Should I assign a ref or a copy to a value returning function?

Question

We have a bunch of value returning functions:

Foo function_1(){
    Foo f;
    // ...
    return f;
}

Bar function_2(){
    Bar b;
    // ...
    return b;
}

Baz function_3(){
    Baz b;
    // ...
    return b;
}

I'm using them to create instantiations of local variables:

void example(){  
    //...
    const auto foo = function_1();
    //...
    const auto bar = function_2();
    //...
    const auto baz = function_3();
}

However, my teammates keep asking me to convert all my instantiations to use &:

void example(){  
    //...
    const auto& foo = function_1();
    //...
    const auto& bar = function_2();
    //...
    const auto& baz = function_3();
}

The rationale for doing this seems to match the following question:
Why not always assign return values to const reference?

I understand that auto& x = and auto x = are asking for two different things, and the behavior might be different based on the implementation of the function.

That being said, I'm looking for clarification about the differences (if any) when choosing to do this on value returning functions? Is the behavior guaranteed to be the same?

If its a value returning function how do I decide between const auto& vs const auto? (presumably the const doesn't matter here?). I couldn't find any advice about this in the C++ Core Guidelines. I'm hoping its not an opinioned question.

Answer 1

Your colleague is trying to do the compiler's job instead of trusting it, and is potentially pessimizing as a result. NRVO is very well supported, and if the functions are written with value semantics, NRVO can elide multiple copies. Binding to a reference will prevent that, since a reference variable will not satisfy the conditions for this optimization. A simple test to demonstrate:

#include <iostream>

struct Test {
    Test() { std::cout << "Created\n"; }
    Test(const Test&) { std::cout << "Copied\n"; }
};

Test foo() {
    Test t;
    return t;
}

Test bar_good() {
    const auto t = foo();
    return t;
}

Test bar_bad() {
    const auto& t = foo();
    return t;
}

int main() {
    const auto good = bar_good(); (void)good;

    std::cout << "===========\n";

    const auto& bad = bar_bad();  (void)bad;
}

Which gives the output:

Created
===========
Created
Copied

One object total when utilizing value semantics, but a redundant copy when using references. Depending on how expansive the copy (or even move) is, you could see a noticeable performance difference.

Answer 2

This is my suggestion:

If you need read-only access to the objects returned by the functions, use

const auto& foo = function_1();

If you want to be able to modify the returned objects or don't want to take the chance that the object might be deleted by some other function without your knowledge, make a copy.

auto foo = function_1();

---

Additional info in response to comments

When the following program is compiled with g++ -std=c++11 -Wall

#include <iostream>

struct Foo
{
   Foo() {}
   Foo(Foo const& copy) { std::cout << "In copy constructor\n"; }
};

Foo function_1(){
    Foo f;
    return f;
}

int main()
{
   std::cout << "-------------------------\n";
   auto f1 = function_1();
   std::cout << "-------------------------\n";
   const auto& ref = function_1();
}

I get the following output (no output from the constructor).

-------------------------
-------------------------

When the same program is compiled with g++ -std=c++11 -Wall -fno-elide-constructors

I get the following output.

-------------------------
In copy constructor
In copy constructor
-------------------------
In copy constructor

---

If a compiler does not support copy elision by default, an additional copy is made when using

auto f1 = function_1();

Answer 3

IMHO - You should return by reference when you want the thing you return to refer to an existing object. You should return by value when you want the caller to get a copy that's unrelated to some other object.

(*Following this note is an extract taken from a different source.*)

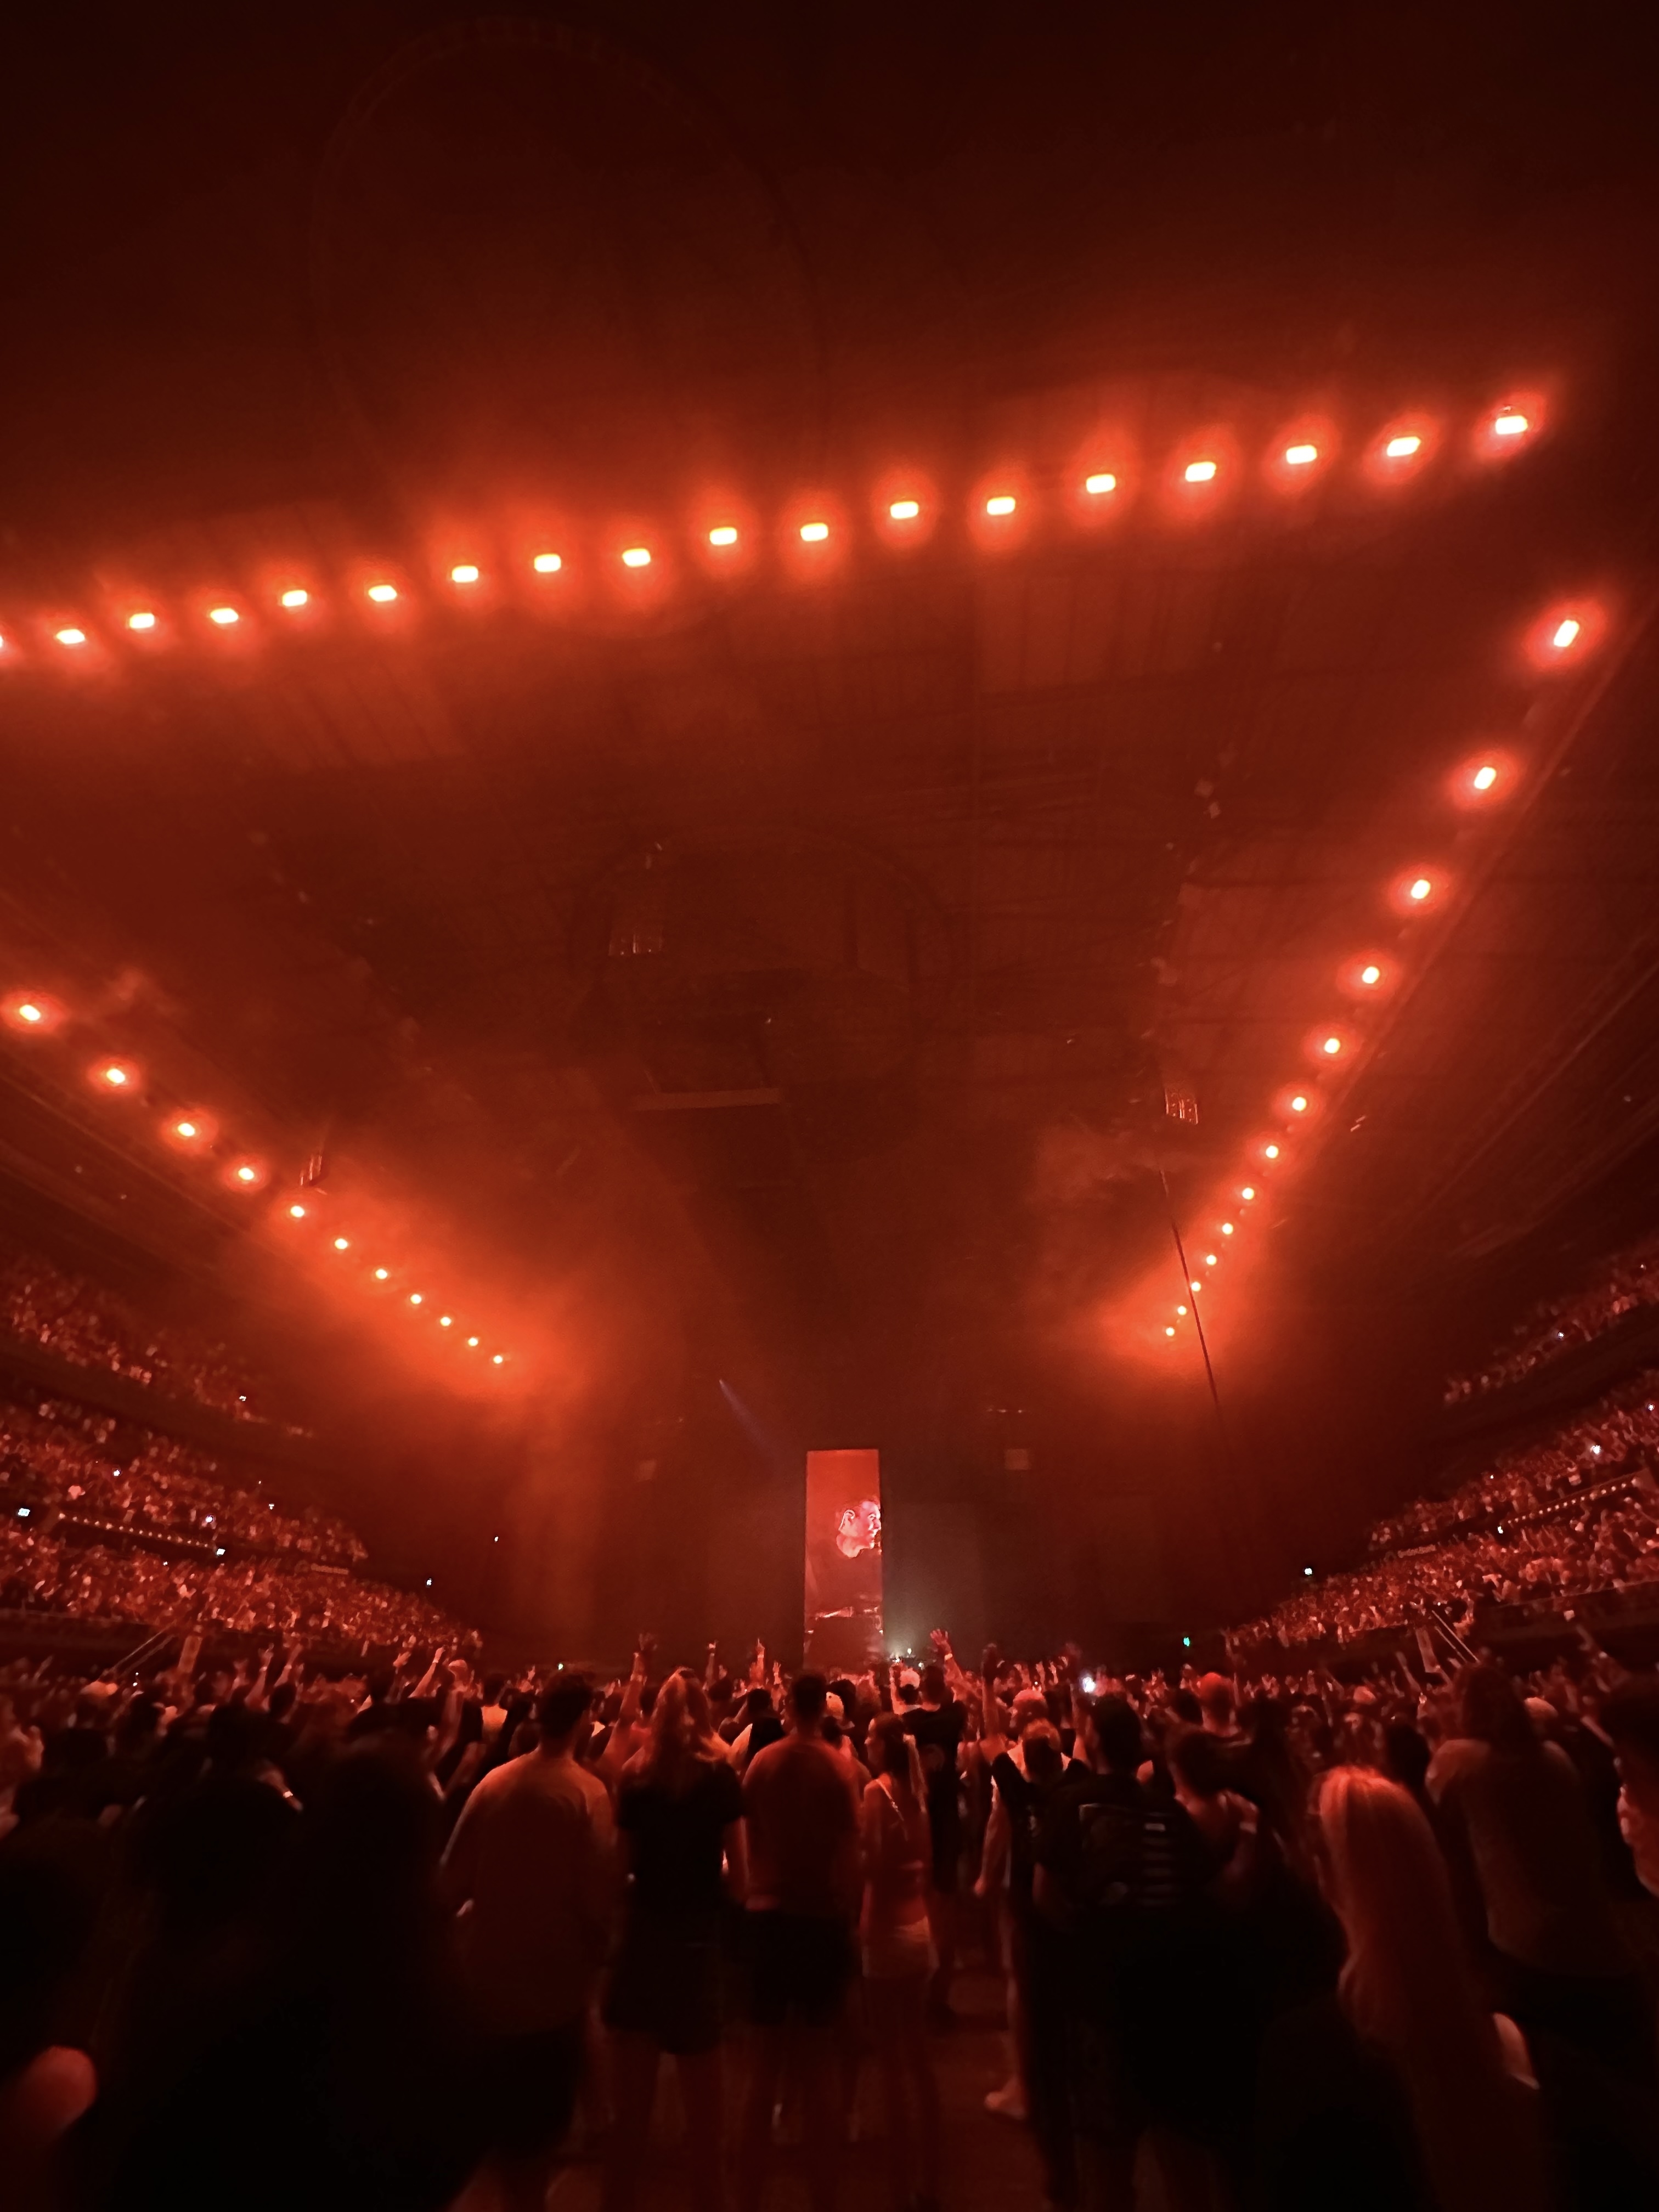 Crowd at a concert with stage lights overhead, creating a hazy atmosphere

For example; if you have a function returning an object from a container and you want the caller to be able to update the original value, then return a reference. If the caller should just get their own copy to work with that should not affect the original object in the container, then return by value.

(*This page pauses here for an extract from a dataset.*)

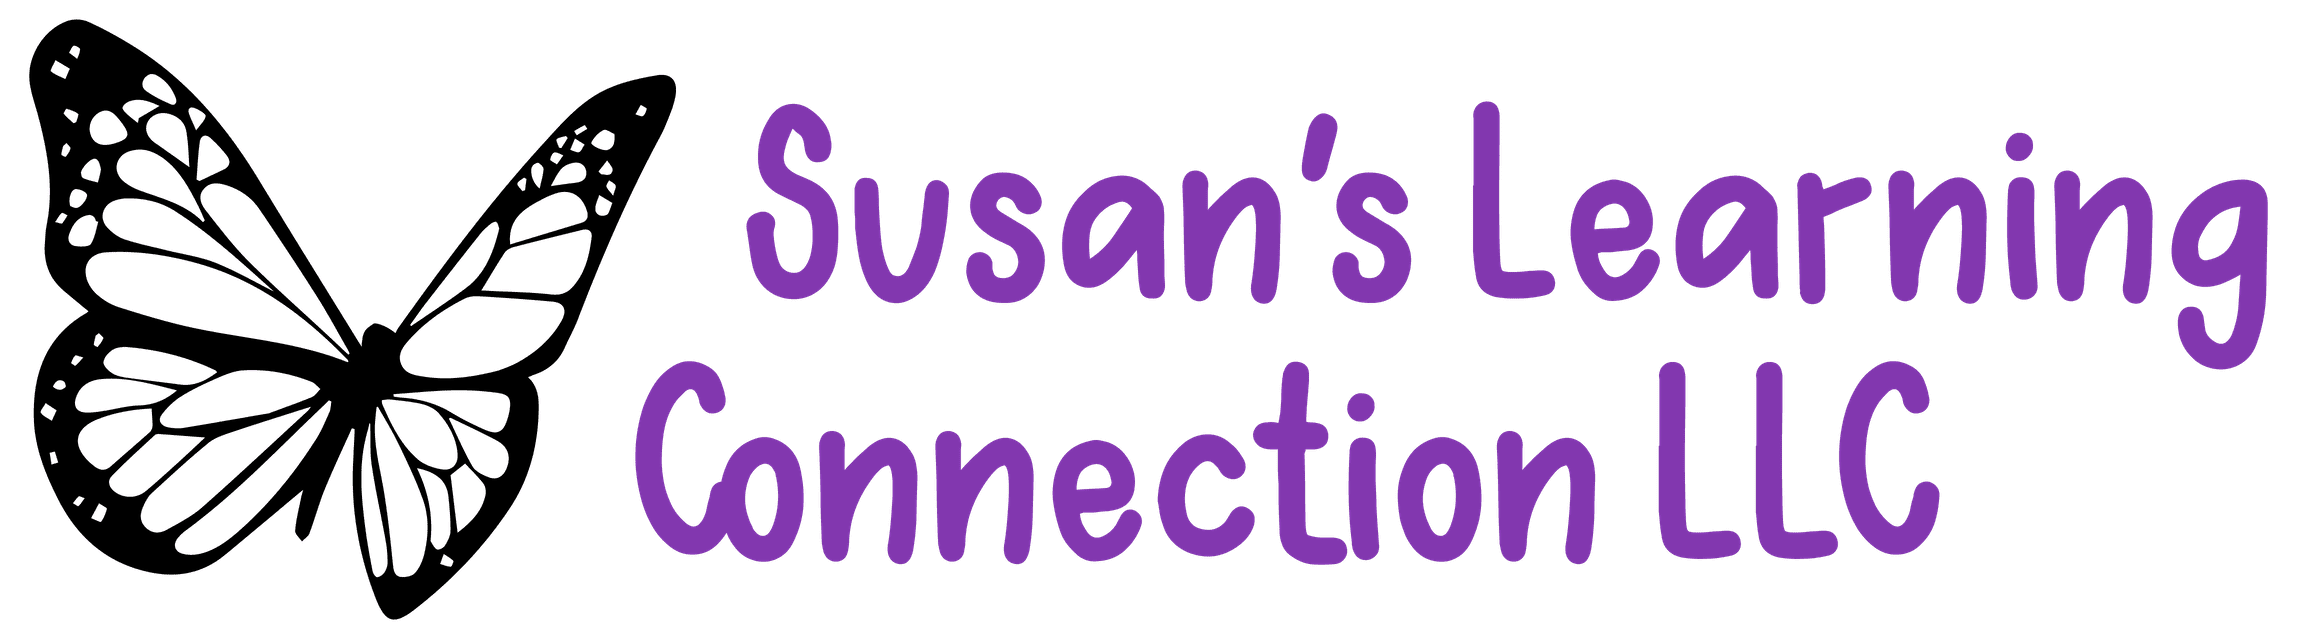 Susan's Learning Connection Logo

My rule of thumb is that value semantics are the easiest to work with - both when returning objects and taking them as arguments, so I prefer taking/returning by value unless I have an explicit reason not to.

Answer 4

The benefit of reference is that it is always functional. If captured by value, copy elision may make it as if it is captured by reference; but if copy constructor is deleted, capture by value triggers a move followed by destruction of the temporary which is a bit less efficient; and if the move constructor too is deleted, compilation fails. Now, the choice must be made between mutable and const: If mutable, then you'll need mutable rvalue reference; otherwise, const lvalue reference.